In order to interpretate the meaning of an action, we need a context. Situated action is the term that identifies an action considered in its specific context.
This is no breaking news, really, but for some reason we tend to think in absolute terms. The sky is blue. Vim is hard to learn. Users are clueless. This needs to be broken in order to work beyond the technical details of our software.
Just like we need to have runtime informations to understand bug reports on tecnical issues, it's important that we look at the situated actions when we try to understand non-technical issues like frustrations, difficulties in picking up concepts, lack of documentations, „suck“ reports („your software sux!“).
Looking at situated action is like looking at users and usage of your software including runtime informations. It sounds tremendously useful, isn't it?
We can go further and talk about situated identity: are you the same person when you go out with your friends and when you go out with your parents?
Our identity expresses itself in different ways as we continuously adjust our perception of ourselves with the frame of what we are allowed to do and say and be in a given context. This is natural, it happens all the time, and makes us wonderfully adaptive and successful in a wide variety of conditions.
Consider now that the whole point of software is changing our notion of what we can do: I install a piece of software to be able to do something that I wasn't able to do before, or that I could do differently. If software changes our notion of what we can do, then software itself situates the user!
Have you noticed that when run vim you are probably a bit different than when you run OpenOffice? Different softwares give you a different perception of what you can do and what you can't do, and this affects your situated identity. Software can make you feel smart, agile and powerful or goofy and vulnerable. The effects will be non-permanent until the advent of computerized body implants :)
If it can happen with editors, think of what can happen with communication software: we already reckon that people write „your software sux“ in a mailing list, but they will rarely attack you frontally like that in real life. In a mailing list you don't have empathy, while on real life you hopefully do. In a mailing list you don't see who's around, in real life you usually do. the situation changes, your identity changes as well.
Could it be that Outlook users are more likely than mutt users to be seen as fancily dressed jerks that get into conversations at the wrong time? Could it be because mutt has good threading support and no HTML mail support while Outlook has poor threading support and a very powerful HTML mail composer?

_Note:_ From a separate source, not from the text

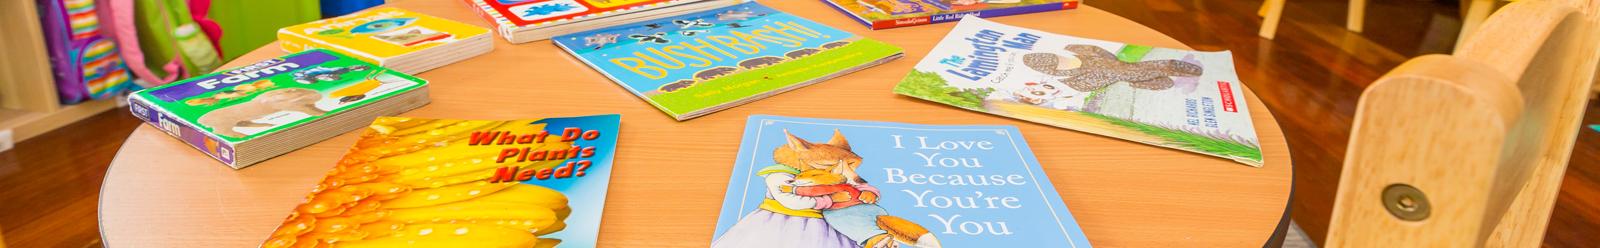 Buttercups Childcare and Kindergarten in Perth WA
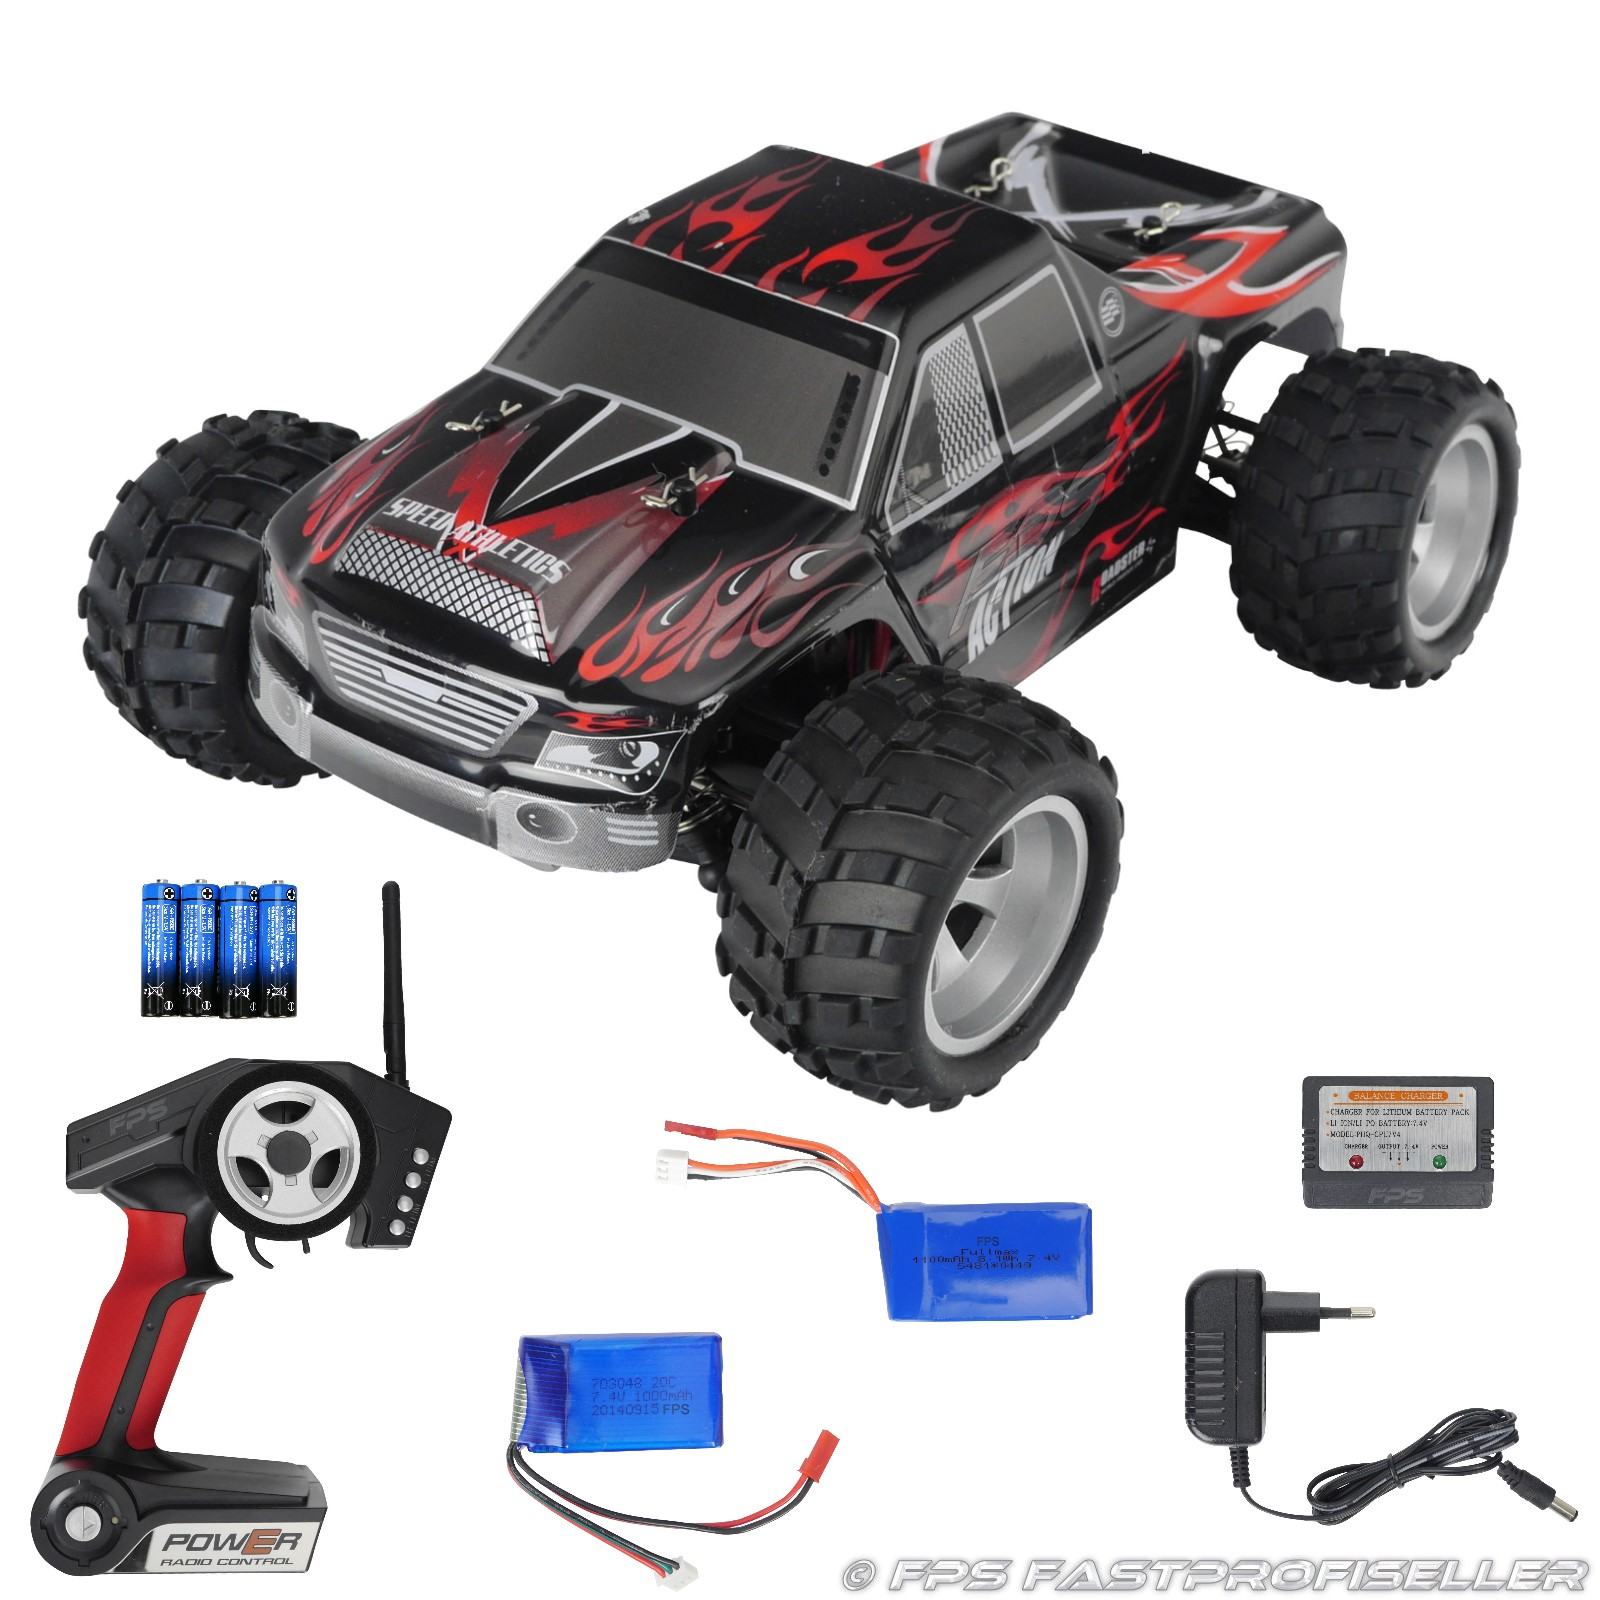 Rayline Funrace 01 FR01 RC Monster Truck mit Zubehör 2x Akku

How much can we say it's only the user's fault if s/he appears as a jerk? Is s/he a jerk in real life, too? Won't s/he be angry if s/he'd discover that s/he's got a jerk reputation mainly because of the mail software that came installed on her/his PC? Wouldn't s/he be frustrated if s/he hadn't the possibility of switching to some other software?
Being aware that software contributes to the situated identity of its users gives us developers a lot of power, and a lot of responsibility. But there's more: we could start designing software that supports an identity that we decide. We can even take the challenge to design software that supports our own identity! A nice thing of doing this, is that the process overlaps with the one of discovering who we really are :)
n. The feeling that accompanies an experience of being thwarted in attaining your goals
from WordNet 2.0 dict database
We use software to attain some goals. To put it in a simple way, if we can't attain it, we get frustration from using that software.
Like segfaults are a good indicator of a technical bug, frustration is a good indicator of a social bug: the software fails when you are unable to attain the goals you were expecting to attain.
This is very important to know! As a user, in this regard, you have a possibility of being aware of the cause of your frustration before you convince yourself you are wortless with computing and start reading mail only if someone prints it on paper. As developers, we have to be able to spot and investigate a social bug, and to justify the patience and care needed to interact with someone who is frustrated because of us.
Coping with frustration should be one of the first things people get told when put in front of a computer for the first time! As a user, what I do now when I feel frustrated with software is:
ask myself what goal do I have. This is not easy at the beginning, but after a while you get good at it
see what tasks I was performing in order to attain my goals.
if I think I chose the tasks correctly (my strategy was correct), then I isolate the reason why I'm stuck and file a „wishlist“ bug report in which I explain what I wanted to do, how I wanted to do it, where I got stuck and a possible way around the problem.
In the end, I still don't get to my goals, but I do feel better and I have also made a valuable contribution... if I've been wise enough not to leak some bad words from the frustrating moments into the bug report :)
We techies all more or less got to love reading feature lists. We drool on reading them, tasting the feel of power and feeling our range of possibilities getting larger and larger item after item. We got so used to feature lists that we even design software around feature list.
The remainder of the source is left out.